The absence of natural catastrophe and significant weather activity was also the most significant driver of improvement in our reinsurance segment's underwriting income. An $18 million increase in net favorable prior year reserve development and a reduction in the segment's acquisition cost ratio, driven by accruals for loss-sensitive features in underlying reinsurance contracts, also contributed.

Net Investment Income

The $7 million decrease in first quarter net investment income was largely attributable to a $10 million reduction in income from our fixed maturity portfolio, driven by lower reinvestment yields but partially offset by higher investment balances. Our alternative investment portfolio ("other investments") made significant contributions in both periods, generating $43 million and $40 million of income in the first quarters of 2013 and 2012, respectively.

Net Realized Investment Gains

During each quarter, we realized investment-related gains on sales [related to minor fixed income reallocations]. In addition, during the first quarter of 2013, we realized gains on the sale of equities, with proceeds used to fund additions to our other investments.
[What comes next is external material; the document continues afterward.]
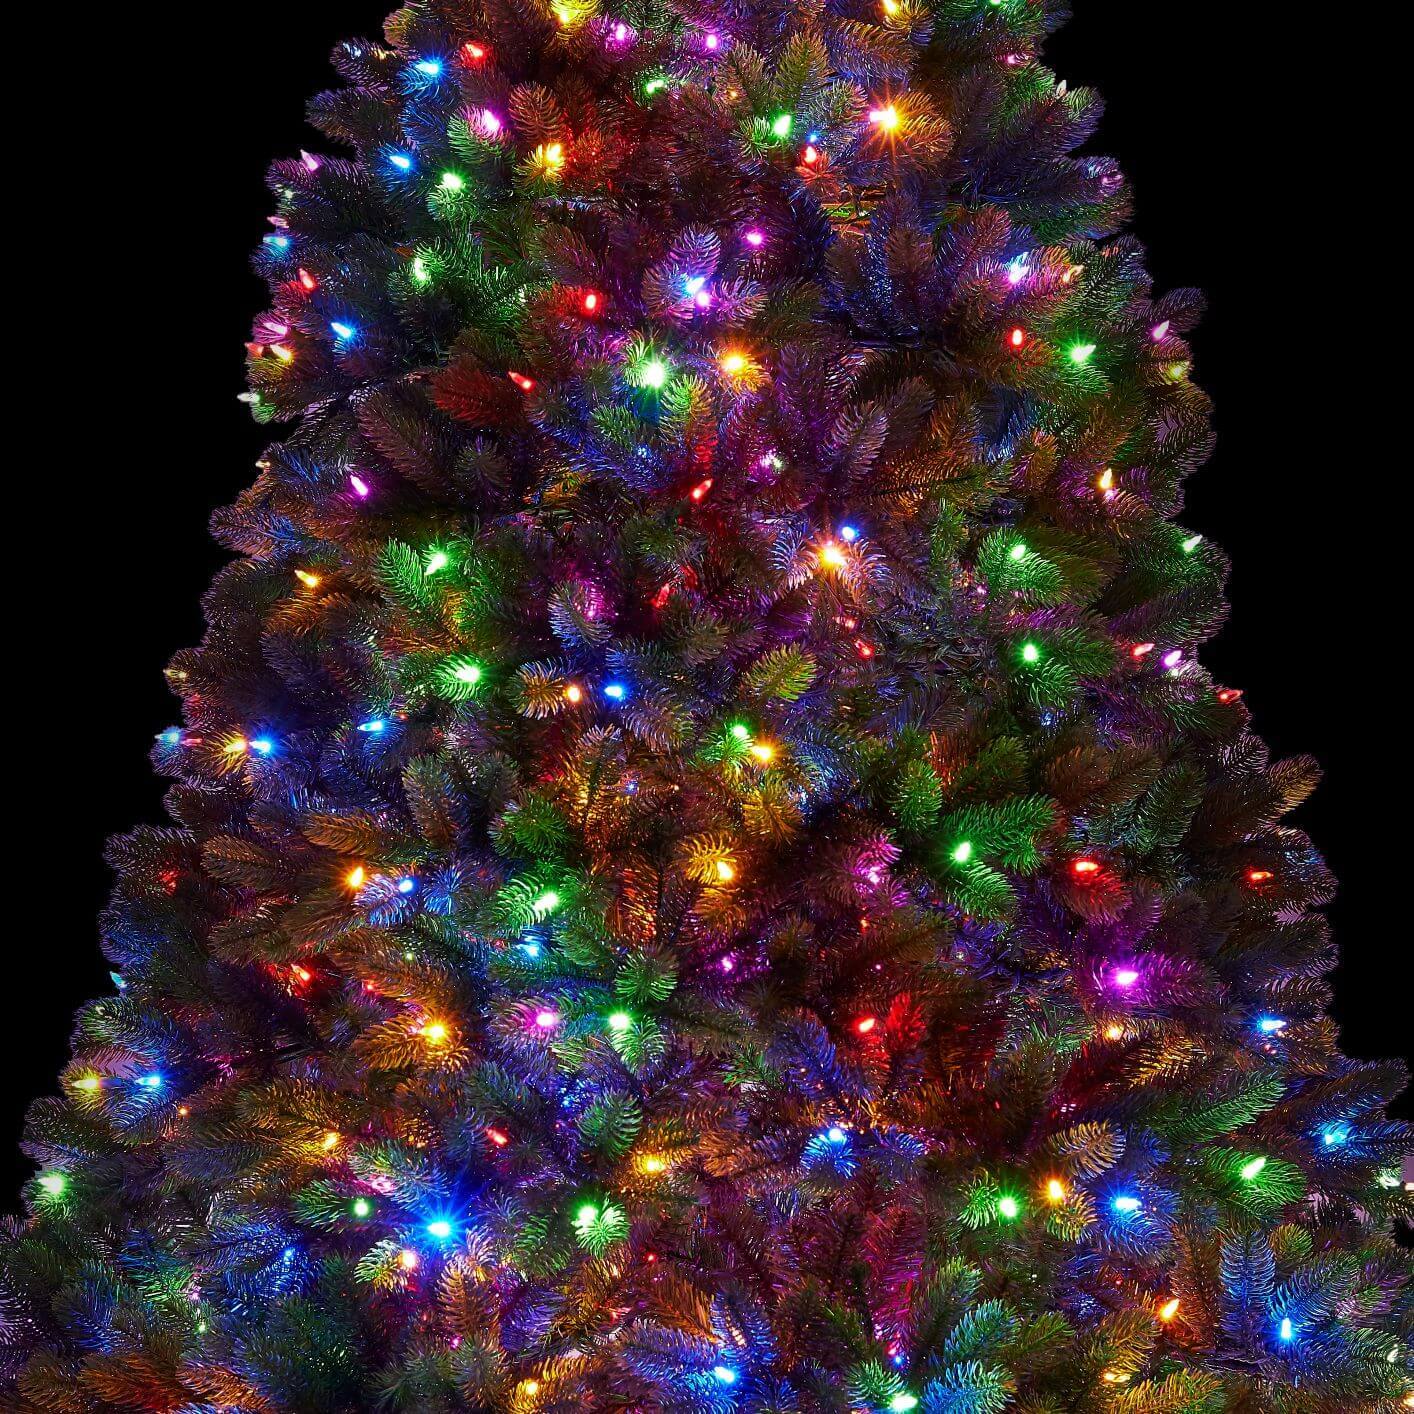 King of Christmas 6.5' Royal Fir Quick-Shape Artificial Christmas Tree with 850 Warm White & Multi-Color LED Lights

Other-than-temporary impairment ("OTTI") charges were $3 million lower in the first quarter of 2013.

Other (Expenses) Revenues, Net

Depreciation in the Sterling and euro against the U.S. dollar drove foreign exchange gains of $35 million in the first quarter of 2013, related to the remeasurement of our foreign-denominated net insurance-related liabilities. During the first quarter of 2012, appreciation of those currencies drove the recognition of $20 million of foreign exchange losses. Excluding these foreign exchange-related amounts, other expenses increased by $11 million, with the primary driver being an increase in income tax expense associated with the improvement in underwriting income described above.

Loss on Repurchase of Preferred Shares

The loss on repurchase of preferred shares recognized in the first quarter of 2012 resulted from certain preferred equity transactions and related to the recognition of issue costs as an expense upon redemption. As these issue costs were recognized in shareholders' equity in the period of issuance, there was no impact on book value. Refer to Item 1, Note 9 to the Consolidated Financial Statements for further details.

Outlook

Pricing has improved consistently over the last one to two years in a number of our business lines, particularly in insurance lines, with variances present by geography, product and layer. Improvement in the insurance marketplace, particularly in the U.S., is also benefiting reinsurance lines. Broadly, global reinsurance market conditions remain stable.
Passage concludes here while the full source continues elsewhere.